Back to archive

Engineering

Agentic Coding Changes the Bottleneck, Not the Responsibility

Why AI-assisted development moves senior responsibility toward framing, review, and integration.

Agentic Coding Changes the Bottleneck, Not the Responsibility

The first time a coding agent feels fast, the wrong conclusion is tempting: implementation has become cheap, so engineering judgment matters less.

I think the opposite is true. Agentic coding makes weak engineering judgment more expensive because the system can now produce more plausible work before anyone notices the framing was wrong.

The thesis

AI-assisted development moves the bottleneck from typing code to defining, constraining, reviewing, and integrating change.

That sounds like a productivity story, but it is really an accountability story. The person responsible for the system is still responsible for the behavior, even when the first draft came from a machine.

The production pattern

A pattern I keep seeing is that agents are strongest when the problem boundary is crisp and weakest when the work requires latent product judgment.

They can follow a local convention, update repetitive call sites, generate tests around a known contract, or explore an unfamiliar codebase quickly. They struggle when the important question is not "what code satisfies this prompt?" but "what behavior should this system have after the change?"

That difference matters because production software is mostly boundary work:

  • What invariants must survive?
  • Which users or operators rely on today's odd behavior?
  • What data shape is allowed to pass through this layer?
  • What happens during partial deploy, retry, rollback, and migration?
  • Who owns the new failure mode after the diff lands?

The agent can accelerate many of the moves inside that boundary.
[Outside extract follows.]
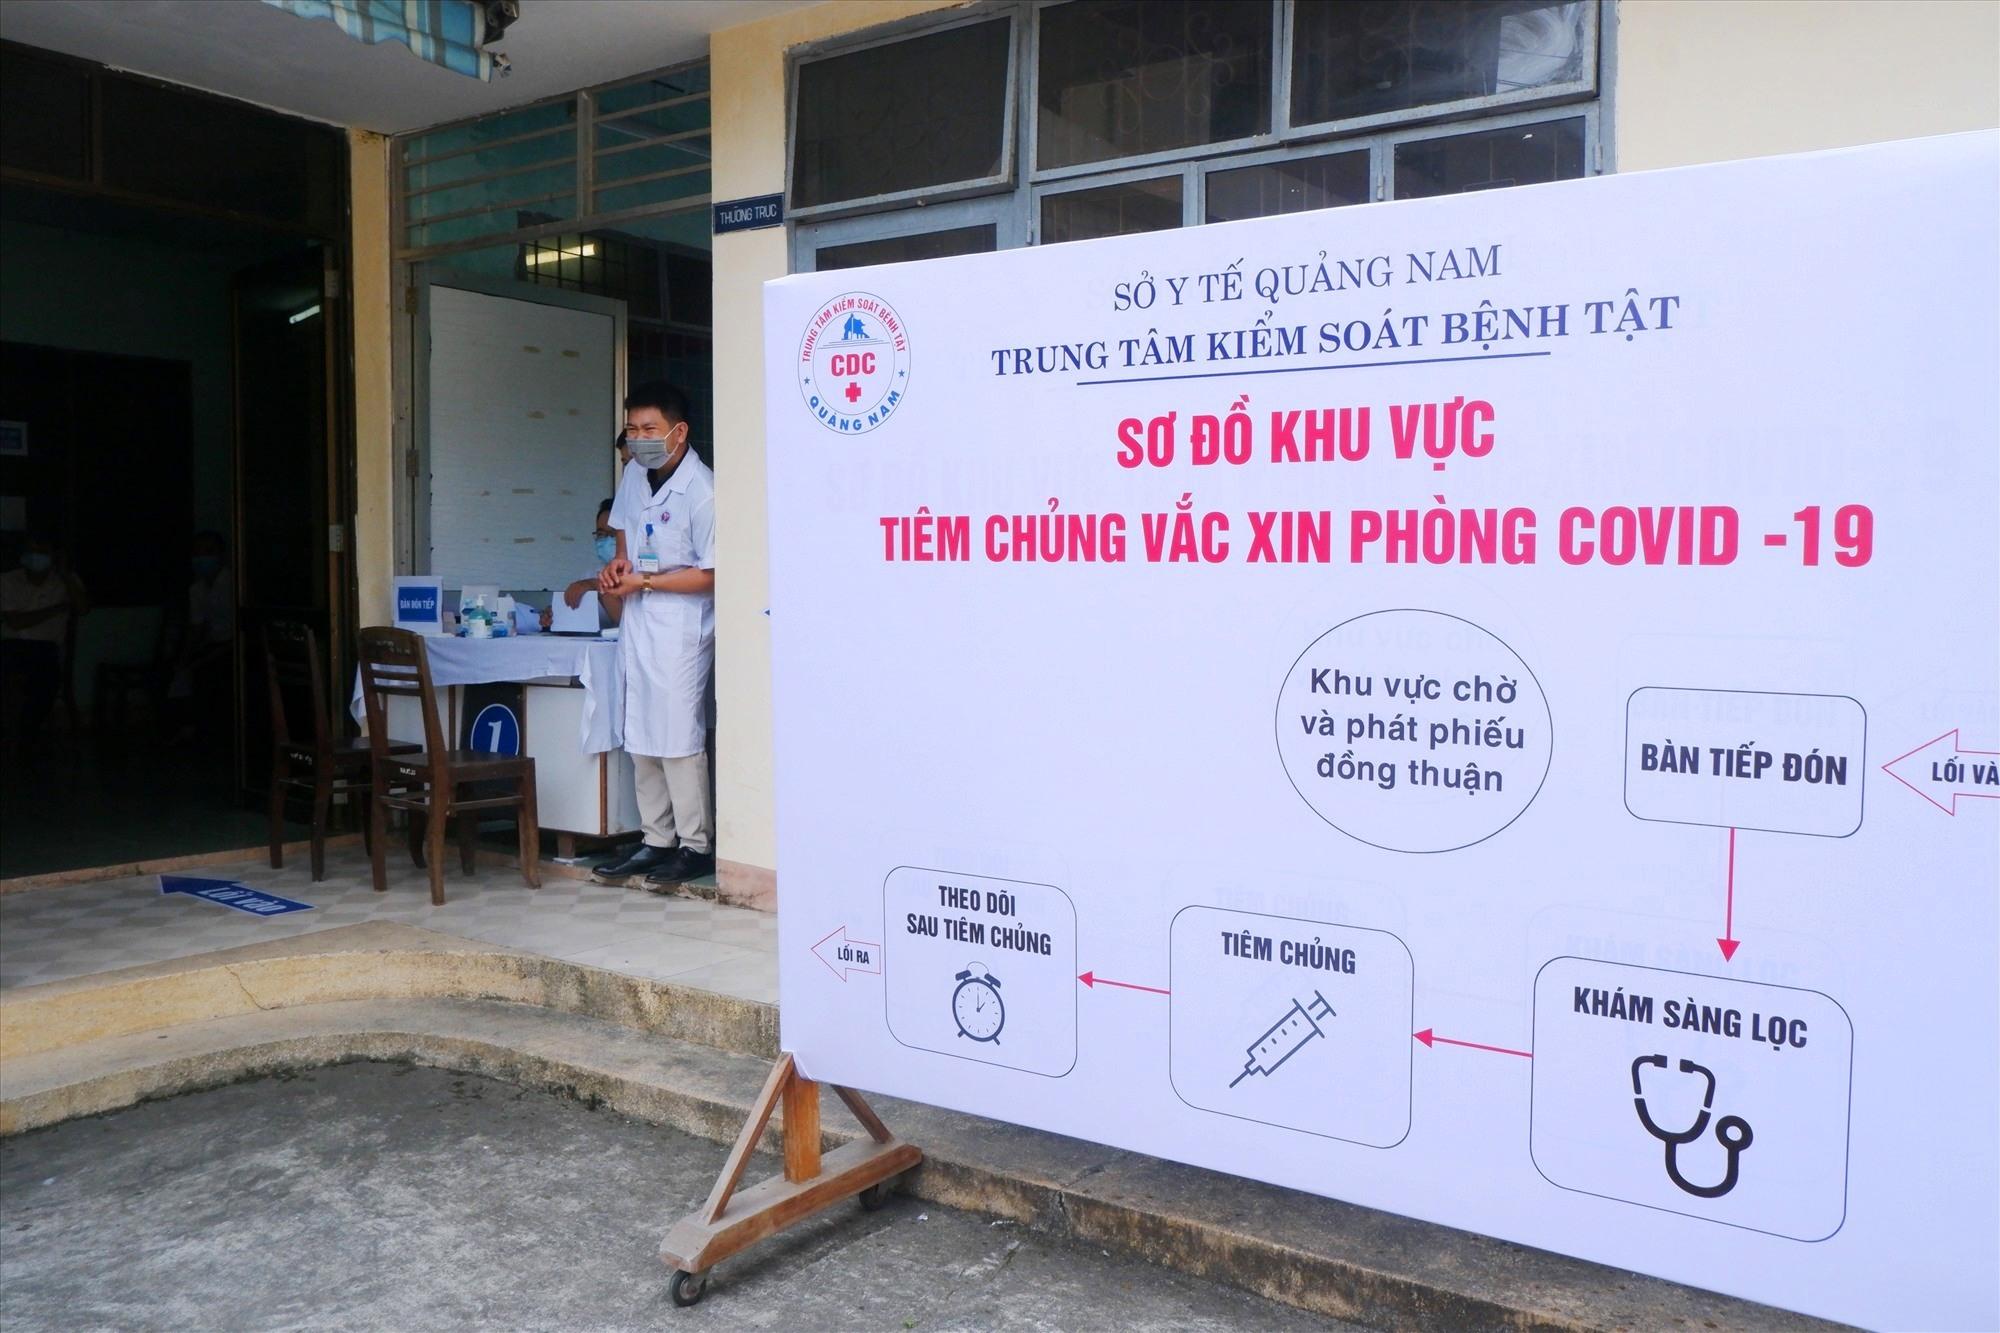 UBND tỉnh yêu cầu Sở Y tế rà soát các cơ sở tiêm chủng để sẵn sàng cho đợt tiêm tiếp theo. Ảnh: X.H
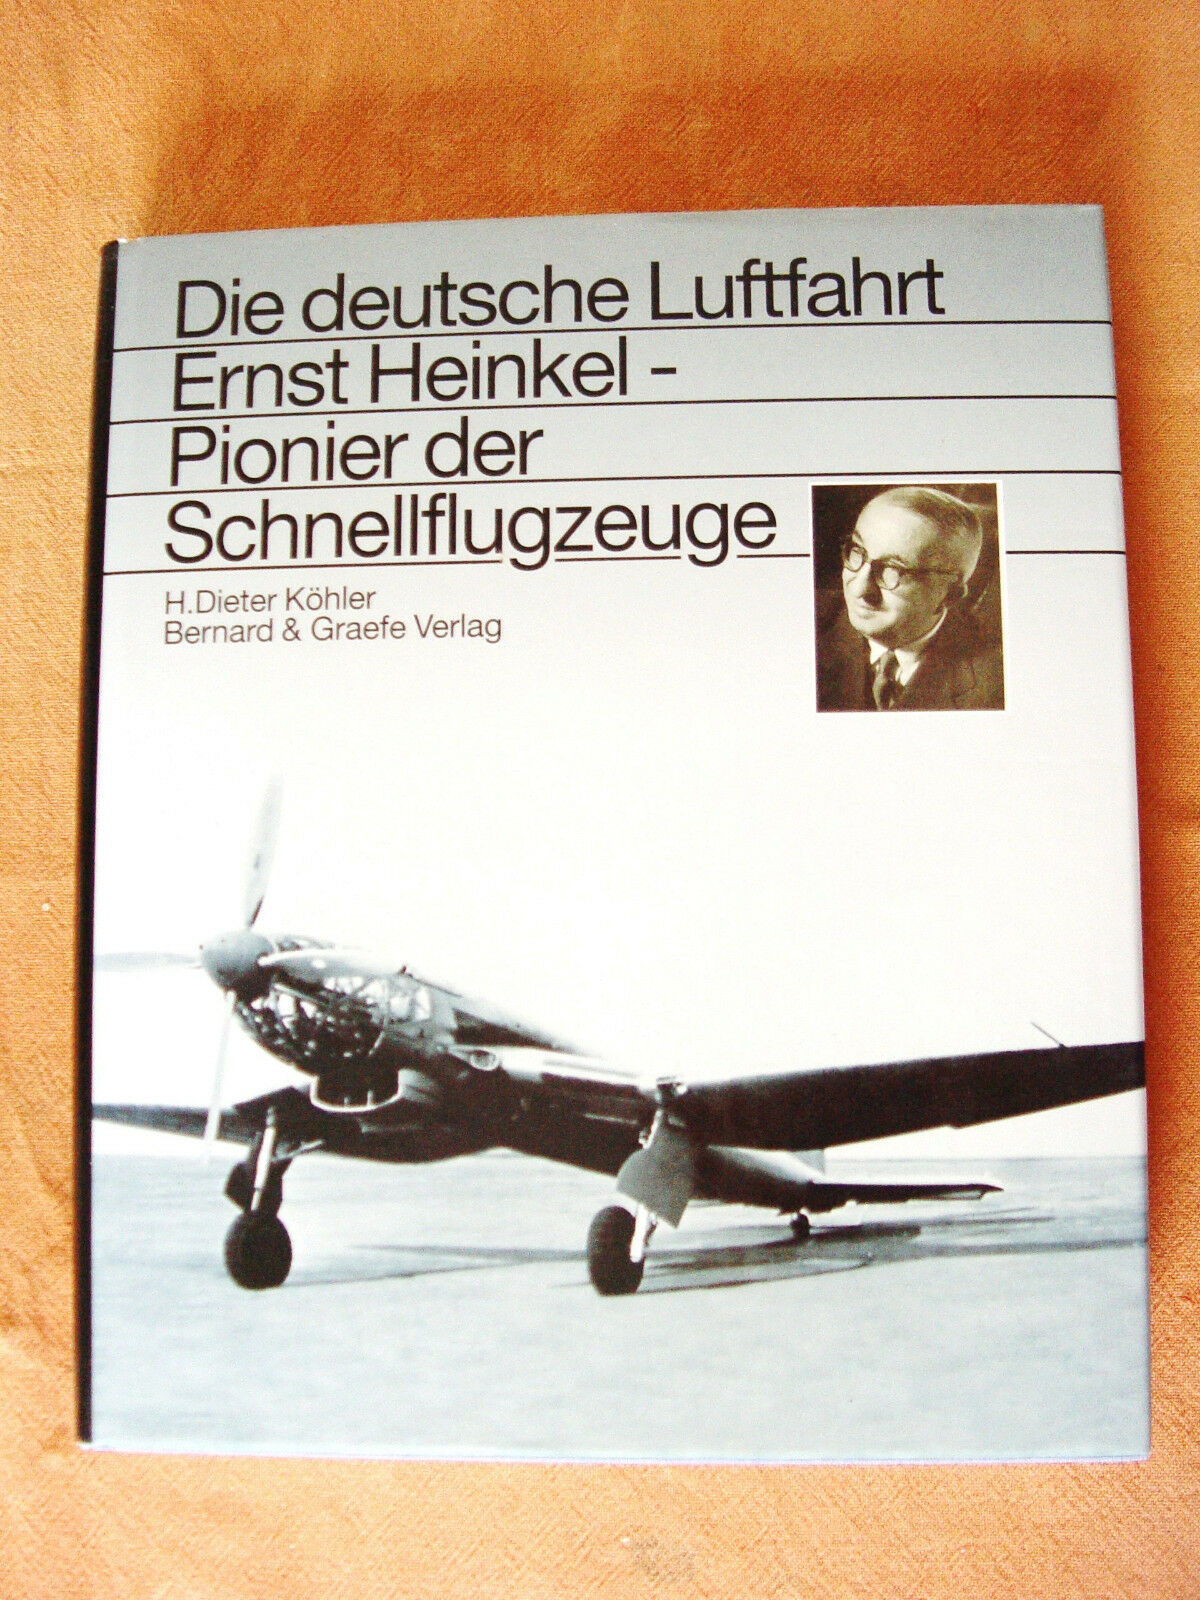 2365  Köhler  Ernst Heinkel - Pionier der Schnellflugzeuge - Bernhard & Gräfe

It cannot be accountable for choosing the boundary.

The model

I use a four-part frame before giving an agent meaningful write access.

First, define the job. A good task is not "fix this module." It is "make this parser reject invalid timestamps while preserving the existing accepted format and adding regression coverage for empty, malformed, and timezone-bearing inputs."

Second, define the blast radius. The agent should know which files are in scope, which public contracts cannot change, and which adjacent areas are read-only unless explicitly justified.

Third, define the evidence. The output is not done when the code compiles. It is done when the tests, static checks, manual review notes, and any migration reasoning make the change credible.

Fourth, define the integration path. The larger the change, the more important it is to decide whether the agent should produce a patch, a plan, a focused test, a mechanical refactor, or a throwaway exploration.

The checklist I use is:

  • Intent: Can I state the behavior change in one sentence?
  • Contract: Which public interfaces, data formats, or operational assumptions are touched?
  • Scope: What files may change, and which files are context only?
  • Verification: What would prove the change works and did not drift?
  • Rollback: If this is wrong, how do we recover?
  • Ownership: Who will understand and maintain the result after the agent is gone?

If I cannot answer those questions, the agent is not blocked by lack of prompt quality. It is blocked by lack of engineering clarity.

Where this goes wrong

The common failure is treating agentic coding as a throughput multiplier without adding a review multiplier.

That creates a queue of work that looks finished. The code has comments, tests, and confident structure. But the hidden risk is in the premise: a missed invariant, a subtly changed API shape, a test that asserts the implementation instead of the requirement, or a migration that works only from a clean state.

There is a counterpoint. For small, local, reversible work, heavy framing can be waste. If the task is a documentation typo, a generated type update, or a narrow mechanical rename, the right move is to keep the ceremony small. A principal engineer should not turn every agent interaction into an architecture review.

The judgment is in matching control to risk. Low-risk changes need speed. High-risk changes need boundaries.

What I do now

I split agentic work into four modes.

Exploration mode is read-heavy. The agent maps files, explains call paths, and identifies likely change points. I do not treat its conclusions as truth until I check the evidence.

Draft mode produces a candidate patch. The useful output is not just the diff. It is the reasoning trail: assumptions, changed contracts, and tests.

Mechanical mode is for repetitive edits where the contract is already settled. The main review is coverage of all call sites and absence of unrelated edits.

Verification mode asks the agent to attack the change: find missing cases, run checks, compare behavior, and describe residual risk.

This mode separation prevents the worst habit: asking an agent to discover the problem, choose the design, implement the fix, and declare success in one uninterrupted loop.

Closing takeaway

Use agents to increase implementation bandwidth, but spend the saved time on sharper framing, narrower scope, and more serious review.